* _Required work_: From the first line to the last, restate the material word for word, omitting pictures.

* _Data provided_:
------------------------------------------------------------

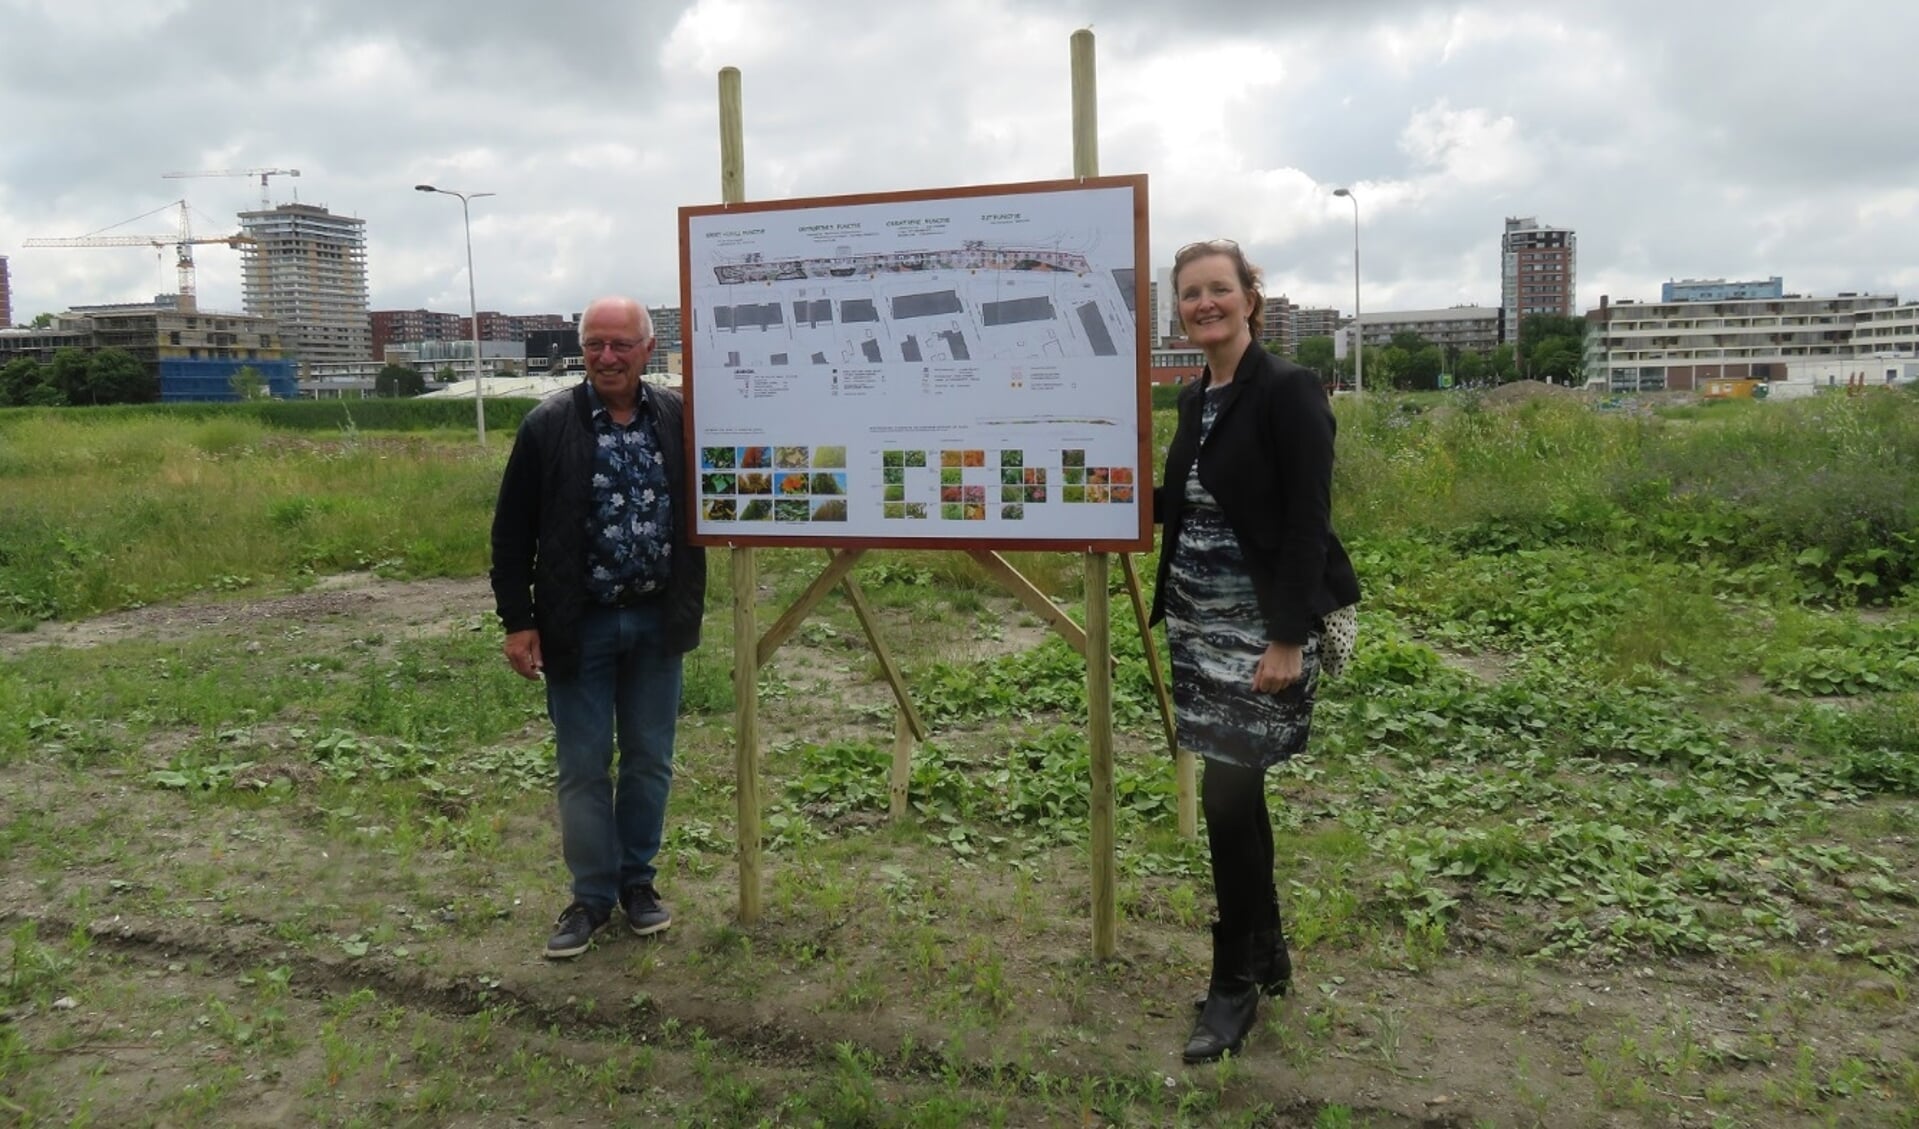 Frans Postma, namens buurtvereniging Delftzicht, en wethouder Huijsmans (rechts), tevens buurtbewoner, onthulden samen een bord met ideeën voor de verdere invulling van de parkstrook.
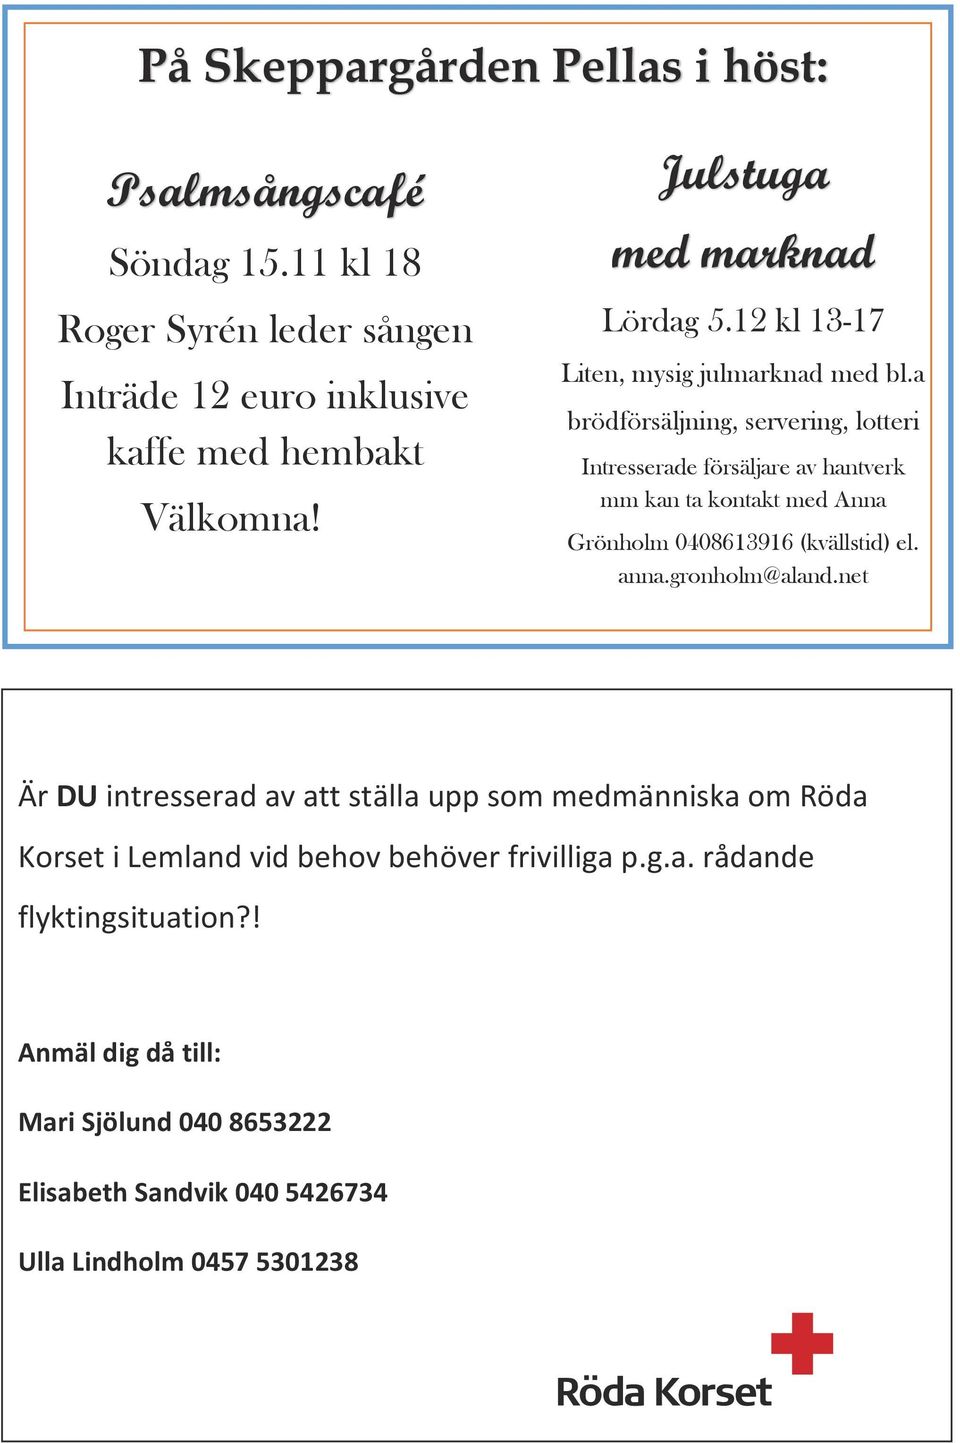 a brödförsäljning, servering, lotteri Intresserade försäljare av hantverk mm kan ta kontakt med Anna Grönholm 0408613916 (kvällstid) el. anna.
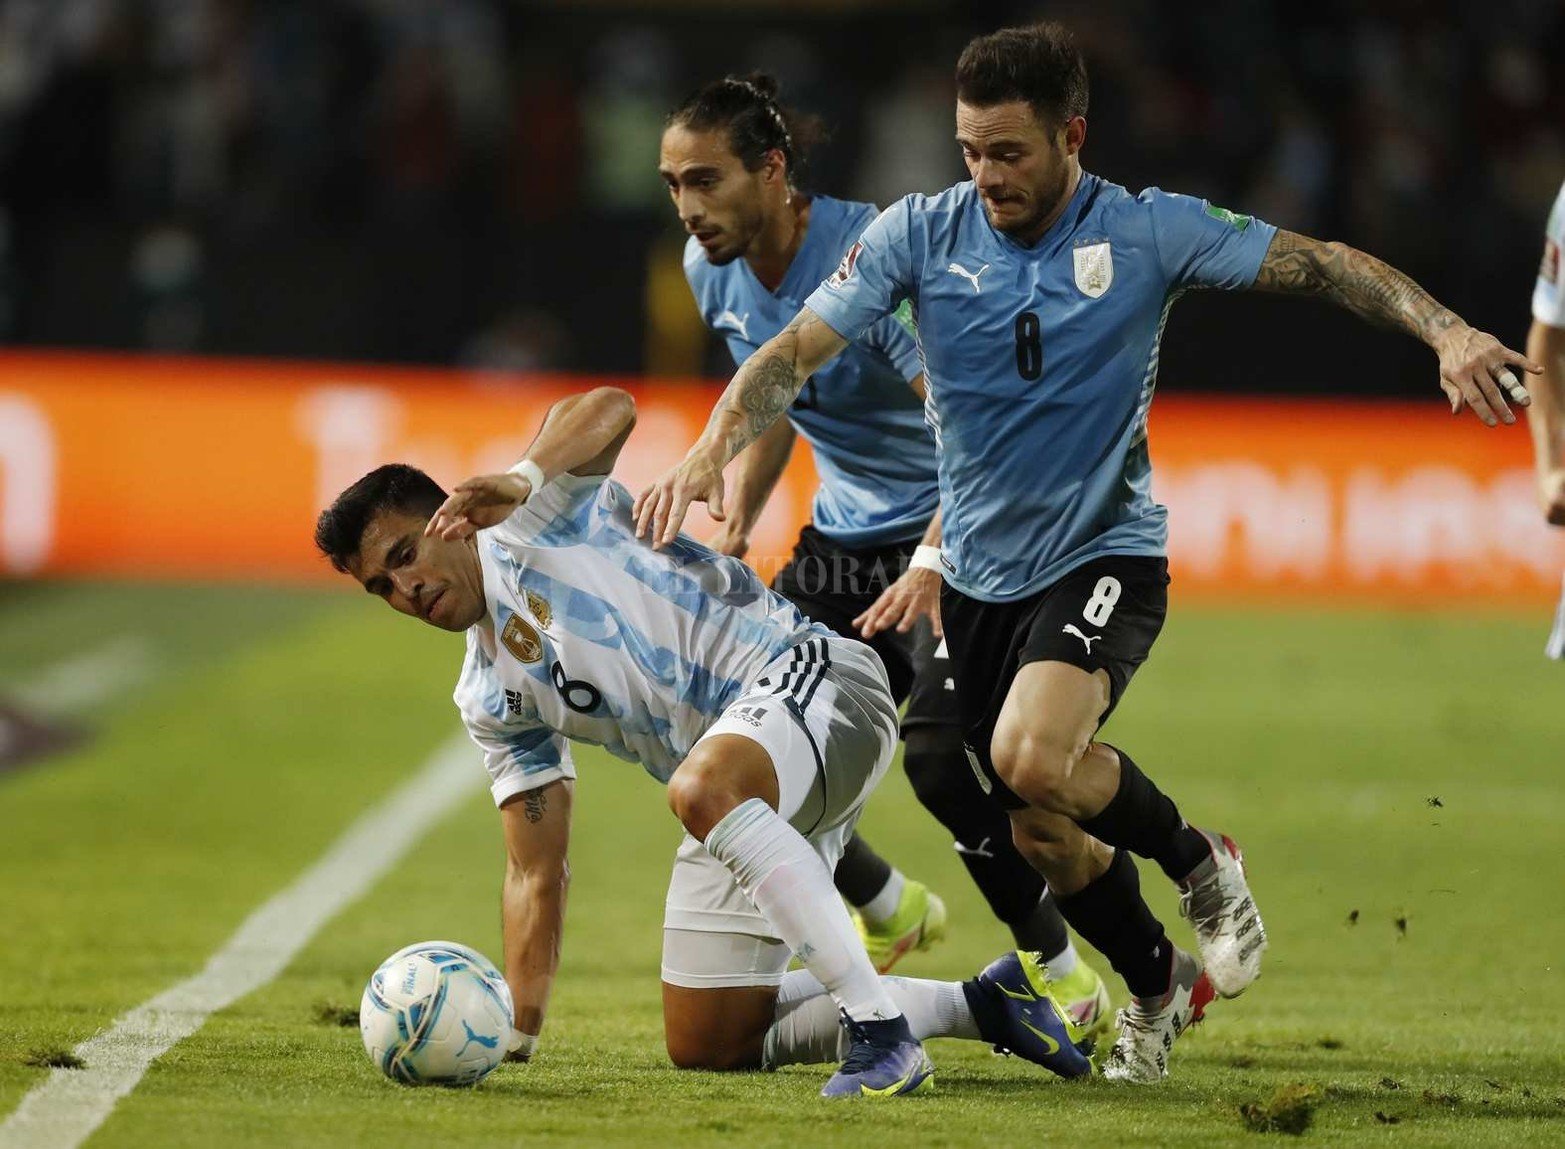 Argentino volvió a ganar (a Uruguay 1 a 0 en Montevideo) y se encamina a clasificar sin sobre salto al mundial de fútbol a disputarse en Qatar.

------------------------------------------------------------

* _Answer to this exercise_:
 Frans Postma, namens buurtvereniging Delftzicht, en wethouder Huijsmans (rechts), tevens buurtbewoner, onthulden samen een bord met ideeën voor de verdere invulling van de parkstrook.
 a brödförsäljning, servering, lotteri Intresserade försäljare av hantverk mm kan ta kontakt med Anna Grönholm 0408613916 (kvällstid) el. anna.
 Argentino volvió a ganar (a Uruguay 1 a 0 en Montevideo) y se encamina a clasificar sin sobre salto al mundial de fútbol a disputarse en Qatar.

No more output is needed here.